◆ Extracted entries:

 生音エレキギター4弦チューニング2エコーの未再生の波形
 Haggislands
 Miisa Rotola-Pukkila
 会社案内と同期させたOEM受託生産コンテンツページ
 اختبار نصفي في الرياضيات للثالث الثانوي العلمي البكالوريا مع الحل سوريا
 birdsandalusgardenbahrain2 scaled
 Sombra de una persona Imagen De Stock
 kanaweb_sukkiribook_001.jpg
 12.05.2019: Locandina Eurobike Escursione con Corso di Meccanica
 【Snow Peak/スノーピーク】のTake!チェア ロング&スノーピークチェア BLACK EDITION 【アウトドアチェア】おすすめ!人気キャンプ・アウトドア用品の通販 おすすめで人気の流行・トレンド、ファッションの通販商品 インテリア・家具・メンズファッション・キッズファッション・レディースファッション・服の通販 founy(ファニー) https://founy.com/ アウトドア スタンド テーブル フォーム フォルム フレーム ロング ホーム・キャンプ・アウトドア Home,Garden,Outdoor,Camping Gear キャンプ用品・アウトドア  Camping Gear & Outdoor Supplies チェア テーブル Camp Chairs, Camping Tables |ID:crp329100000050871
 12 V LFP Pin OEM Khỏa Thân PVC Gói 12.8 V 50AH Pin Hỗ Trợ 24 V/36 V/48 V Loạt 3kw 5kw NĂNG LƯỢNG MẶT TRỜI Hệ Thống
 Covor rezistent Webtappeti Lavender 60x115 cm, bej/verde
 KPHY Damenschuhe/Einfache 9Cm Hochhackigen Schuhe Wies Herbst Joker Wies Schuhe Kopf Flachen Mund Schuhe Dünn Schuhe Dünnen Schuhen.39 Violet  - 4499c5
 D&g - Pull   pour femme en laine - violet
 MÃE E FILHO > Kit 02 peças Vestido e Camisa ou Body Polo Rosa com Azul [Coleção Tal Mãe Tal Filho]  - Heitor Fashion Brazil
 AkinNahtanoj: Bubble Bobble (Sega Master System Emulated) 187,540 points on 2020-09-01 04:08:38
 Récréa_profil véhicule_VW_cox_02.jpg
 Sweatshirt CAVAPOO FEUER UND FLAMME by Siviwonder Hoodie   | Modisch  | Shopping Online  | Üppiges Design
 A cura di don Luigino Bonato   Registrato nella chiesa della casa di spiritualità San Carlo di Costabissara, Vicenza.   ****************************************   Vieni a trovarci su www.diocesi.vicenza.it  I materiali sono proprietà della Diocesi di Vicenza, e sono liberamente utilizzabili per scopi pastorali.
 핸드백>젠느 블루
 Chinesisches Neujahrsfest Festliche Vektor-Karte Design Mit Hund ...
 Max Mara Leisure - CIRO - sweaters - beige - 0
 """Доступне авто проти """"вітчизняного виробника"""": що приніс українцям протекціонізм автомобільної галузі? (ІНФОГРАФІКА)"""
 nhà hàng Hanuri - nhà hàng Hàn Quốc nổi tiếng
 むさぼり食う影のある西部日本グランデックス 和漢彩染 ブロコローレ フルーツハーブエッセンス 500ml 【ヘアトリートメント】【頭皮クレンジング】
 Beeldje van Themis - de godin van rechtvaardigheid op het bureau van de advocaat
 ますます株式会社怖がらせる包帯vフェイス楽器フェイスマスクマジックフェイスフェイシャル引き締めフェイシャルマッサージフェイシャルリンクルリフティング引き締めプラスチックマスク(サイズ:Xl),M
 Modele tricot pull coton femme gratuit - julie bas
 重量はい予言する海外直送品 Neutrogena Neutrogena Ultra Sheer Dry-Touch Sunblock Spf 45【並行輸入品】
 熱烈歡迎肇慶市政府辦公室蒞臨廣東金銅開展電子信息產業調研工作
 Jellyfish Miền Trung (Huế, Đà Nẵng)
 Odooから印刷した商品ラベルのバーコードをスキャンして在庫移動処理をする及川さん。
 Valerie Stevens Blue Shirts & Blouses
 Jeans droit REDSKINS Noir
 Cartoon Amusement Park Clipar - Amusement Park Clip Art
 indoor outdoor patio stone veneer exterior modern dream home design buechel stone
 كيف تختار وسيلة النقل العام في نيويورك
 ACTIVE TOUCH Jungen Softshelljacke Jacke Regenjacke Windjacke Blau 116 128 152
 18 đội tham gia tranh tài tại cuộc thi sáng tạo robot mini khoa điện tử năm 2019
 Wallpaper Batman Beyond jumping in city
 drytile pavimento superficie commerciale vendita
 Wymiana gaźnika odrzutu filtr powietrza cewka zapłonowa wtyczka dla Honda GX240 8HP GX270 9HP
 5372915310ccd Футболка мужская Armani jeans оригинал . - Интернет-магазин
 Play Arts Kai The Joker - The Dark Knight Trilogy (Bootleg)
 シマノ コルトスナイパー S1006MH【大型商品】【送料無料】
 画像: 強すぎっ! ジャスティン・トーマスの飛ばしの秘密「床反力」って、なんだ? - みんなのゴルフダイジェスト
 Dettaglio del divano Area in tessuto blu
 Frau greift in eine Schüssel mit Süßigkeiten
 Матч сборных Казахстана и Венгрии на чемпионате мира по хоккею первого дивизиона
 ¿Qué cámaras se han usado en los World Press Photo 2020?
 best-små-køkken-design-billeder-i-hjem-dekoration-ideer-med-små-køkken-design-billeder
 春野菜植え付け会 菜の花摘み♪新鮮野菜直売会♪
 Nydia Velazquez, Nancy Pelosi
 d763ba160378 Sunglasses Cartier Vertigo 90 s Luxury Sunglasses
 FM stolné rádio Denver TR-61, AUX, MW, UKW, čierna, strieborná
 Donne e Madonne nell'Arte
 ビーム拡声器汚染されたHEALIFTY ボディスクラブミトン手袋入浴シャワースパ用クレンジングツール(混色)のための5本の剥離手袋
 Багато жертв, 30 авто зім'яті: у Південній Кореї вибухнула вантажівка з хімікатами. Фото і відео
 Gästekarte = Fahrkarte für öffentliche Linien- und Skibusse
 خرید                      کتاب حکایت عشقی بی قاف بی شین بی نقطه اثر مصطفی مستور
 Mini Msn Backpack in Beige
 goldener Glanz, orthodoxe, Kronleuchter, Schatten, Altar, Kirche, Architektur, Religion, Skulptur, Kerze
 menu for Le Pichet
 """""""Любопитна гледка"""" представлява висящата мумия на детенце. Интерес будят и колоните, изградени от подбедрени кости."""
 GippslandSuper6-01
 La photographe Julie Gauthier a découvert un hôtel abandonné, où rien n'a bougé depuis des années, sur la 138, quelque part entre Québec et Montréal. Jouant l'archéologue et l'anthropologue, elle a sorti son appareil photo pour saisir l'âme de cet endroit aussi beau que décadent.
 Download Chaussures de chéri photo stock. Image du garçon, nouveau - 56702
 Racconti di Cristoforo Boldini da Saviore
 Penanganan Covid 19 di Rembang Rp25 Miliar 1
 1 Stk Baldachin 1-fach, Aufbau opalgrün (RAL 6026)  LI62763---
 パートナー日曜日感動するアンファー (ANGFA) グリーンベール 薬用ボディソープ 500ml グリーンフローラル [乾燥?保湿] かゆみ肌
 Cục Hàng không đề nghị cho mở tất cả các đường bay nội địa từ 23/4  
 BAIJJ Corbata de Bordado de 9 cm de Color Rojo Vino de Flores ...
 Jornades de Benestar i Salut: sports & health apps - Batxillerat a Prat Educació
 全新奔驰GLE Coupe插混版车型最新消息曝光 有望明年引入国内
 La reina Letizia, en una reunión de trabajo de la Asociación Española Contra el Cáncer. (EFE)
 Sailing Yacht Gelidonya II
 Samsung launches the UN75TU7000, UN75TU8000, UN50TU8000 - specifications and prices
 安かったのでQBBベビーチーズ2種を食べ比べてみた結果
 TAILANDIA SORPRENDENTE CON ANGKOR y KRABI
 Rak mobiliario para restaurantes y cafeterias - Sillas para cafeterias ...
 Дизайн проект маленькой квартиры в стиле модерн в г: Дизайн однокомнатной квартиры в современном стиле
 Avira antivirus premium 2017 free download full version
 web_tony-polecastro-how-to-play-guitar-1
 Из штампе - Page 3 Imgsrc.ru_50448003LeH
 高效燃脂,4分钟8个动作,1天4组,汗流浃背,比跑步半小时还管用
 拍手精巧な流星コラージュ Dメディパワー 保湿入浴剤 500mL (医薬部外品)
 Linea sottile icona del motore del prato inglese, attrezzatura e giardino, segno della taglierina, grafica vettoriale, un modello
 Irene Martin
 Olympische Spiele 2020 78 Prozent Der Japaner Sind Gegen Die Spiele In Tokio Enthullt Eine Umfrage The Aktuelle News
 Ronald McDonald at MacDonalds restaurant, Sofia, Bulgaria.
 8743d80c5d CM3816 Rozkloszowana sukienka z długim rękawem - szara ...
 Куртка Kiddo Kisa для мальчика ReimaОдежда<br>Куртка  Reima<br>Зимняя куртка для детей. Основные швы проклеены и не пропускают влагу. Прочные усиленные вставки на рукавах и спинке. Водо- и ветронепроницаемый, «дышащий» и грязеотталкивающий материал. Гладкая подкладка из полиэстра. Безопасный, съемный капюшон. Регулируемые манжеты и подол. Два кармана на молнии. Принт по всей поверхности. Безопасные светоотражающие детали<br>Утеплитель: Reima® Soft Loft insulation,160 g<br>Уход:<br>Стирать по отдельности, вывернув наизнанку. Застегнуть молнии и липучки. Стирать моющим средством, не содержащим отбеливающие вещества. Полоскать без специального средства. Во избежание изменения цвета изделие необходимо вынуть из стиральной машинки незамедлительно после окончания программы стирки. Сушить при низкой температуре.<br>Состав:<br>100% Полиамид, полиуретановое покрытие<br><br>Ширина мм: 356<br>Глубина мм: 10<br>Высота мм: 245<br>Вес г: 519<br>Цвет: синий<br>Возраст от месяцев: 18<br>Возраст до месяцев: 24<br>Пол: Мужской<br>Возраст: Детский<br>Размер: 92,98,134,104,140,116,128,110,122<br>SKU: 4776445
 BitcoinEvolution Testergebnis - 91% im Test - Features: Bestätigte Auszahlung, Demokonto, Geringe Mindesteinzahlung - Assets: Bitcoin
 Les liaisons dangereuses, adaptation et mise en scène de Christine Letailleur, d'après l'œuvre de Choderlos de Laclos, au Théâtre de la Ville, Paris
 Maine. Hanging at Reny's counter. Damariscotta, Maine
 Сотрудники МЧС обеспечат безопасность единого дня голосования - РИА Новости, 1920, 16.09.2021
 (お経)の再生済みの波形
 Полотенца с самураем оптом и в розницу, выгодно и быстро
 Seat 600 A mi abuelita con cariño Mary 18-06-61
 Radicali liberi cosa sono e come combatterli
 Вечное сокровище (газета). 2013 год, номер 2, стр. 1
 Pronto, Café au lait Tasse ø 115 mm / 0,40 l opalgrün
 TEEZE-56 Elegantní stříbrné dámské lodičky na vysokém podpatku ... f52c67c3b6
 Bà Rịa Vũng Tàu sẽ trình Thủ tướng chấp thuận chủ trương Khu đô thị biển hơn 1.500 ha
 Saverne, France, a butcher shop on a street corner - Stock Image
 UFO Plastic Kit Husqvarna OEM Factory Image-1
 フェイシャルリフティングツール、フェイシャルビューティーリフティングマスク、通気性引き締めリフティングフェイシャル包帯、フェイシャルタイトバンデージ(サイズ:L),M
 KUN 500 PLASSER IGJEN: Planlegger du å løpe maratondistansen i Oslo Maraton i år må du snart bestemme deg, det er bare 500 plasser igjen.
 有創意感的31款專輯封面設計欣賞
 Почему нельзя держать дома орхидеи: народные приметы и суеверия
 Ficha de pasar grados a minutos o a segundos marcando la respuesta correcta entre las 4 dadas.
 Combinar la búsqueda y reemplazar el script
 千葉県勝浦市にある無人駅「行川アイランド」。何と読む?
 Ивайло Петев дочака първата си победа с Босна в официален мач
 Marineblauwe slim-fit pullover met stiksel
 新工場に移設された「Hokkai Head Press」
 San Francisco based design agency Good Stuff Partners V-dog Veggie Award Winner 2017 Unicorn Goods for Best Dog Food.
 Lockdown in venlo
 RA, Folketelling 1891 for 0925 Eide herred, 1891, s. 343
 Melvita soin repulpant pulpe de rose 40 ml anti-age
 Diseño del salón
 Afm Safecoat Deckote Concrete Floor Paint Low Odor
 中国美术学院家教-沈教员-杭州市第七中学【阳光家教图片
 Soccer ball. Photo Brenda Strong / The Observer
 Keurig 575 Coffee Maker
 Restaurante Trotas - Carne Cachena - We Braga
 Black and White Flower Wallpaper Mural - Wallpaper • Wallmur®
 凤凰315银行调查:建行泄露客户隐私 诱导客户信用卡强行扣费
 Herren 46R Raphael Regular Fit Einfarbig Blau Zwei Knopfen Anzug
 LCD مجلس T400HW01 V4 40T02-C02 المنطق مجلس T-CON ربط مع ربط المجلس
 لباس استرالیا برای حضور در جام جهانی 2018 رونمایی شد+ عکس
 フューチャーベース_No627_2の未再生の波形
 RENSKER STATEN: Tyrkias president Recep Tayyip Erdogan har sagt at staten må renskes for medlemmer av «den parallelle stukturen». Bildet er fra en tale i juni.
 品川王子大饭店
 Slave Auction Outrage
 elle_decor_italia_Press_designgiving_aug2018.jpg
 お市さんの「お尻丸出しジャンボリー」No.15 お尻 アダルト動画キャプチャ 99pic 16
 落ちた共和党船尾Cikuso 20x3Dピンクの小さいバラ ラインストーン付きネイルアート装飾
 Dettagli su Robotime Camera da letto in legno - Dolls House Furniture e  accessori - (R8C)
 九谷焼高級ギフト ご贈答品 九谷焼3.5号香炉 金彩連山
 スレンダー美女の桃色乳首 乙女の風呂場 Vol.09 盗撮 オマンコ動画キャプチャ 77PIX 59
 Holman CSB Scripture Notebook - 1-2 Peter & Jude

◆ Instructions to follow:
Up to and including the line with "Sombra de una persona Imagen De Stock", print every line of the records from the start.

◆ Expected answer:
 生音エレキギター4弦チューニング2エコーの未再生の波形
 Haggislands
 Miisa Rotola-Pukkila
 会社案内と同期させたOEM受託生産コンテンツページ
 اختبار نصفي في الرياضيات للثالث الثانوي العلمي البكالوريا مع الحل سوريا
 birdsandalusgardenbahrain2 scaled
 Sombra de una persona Imagen De Stock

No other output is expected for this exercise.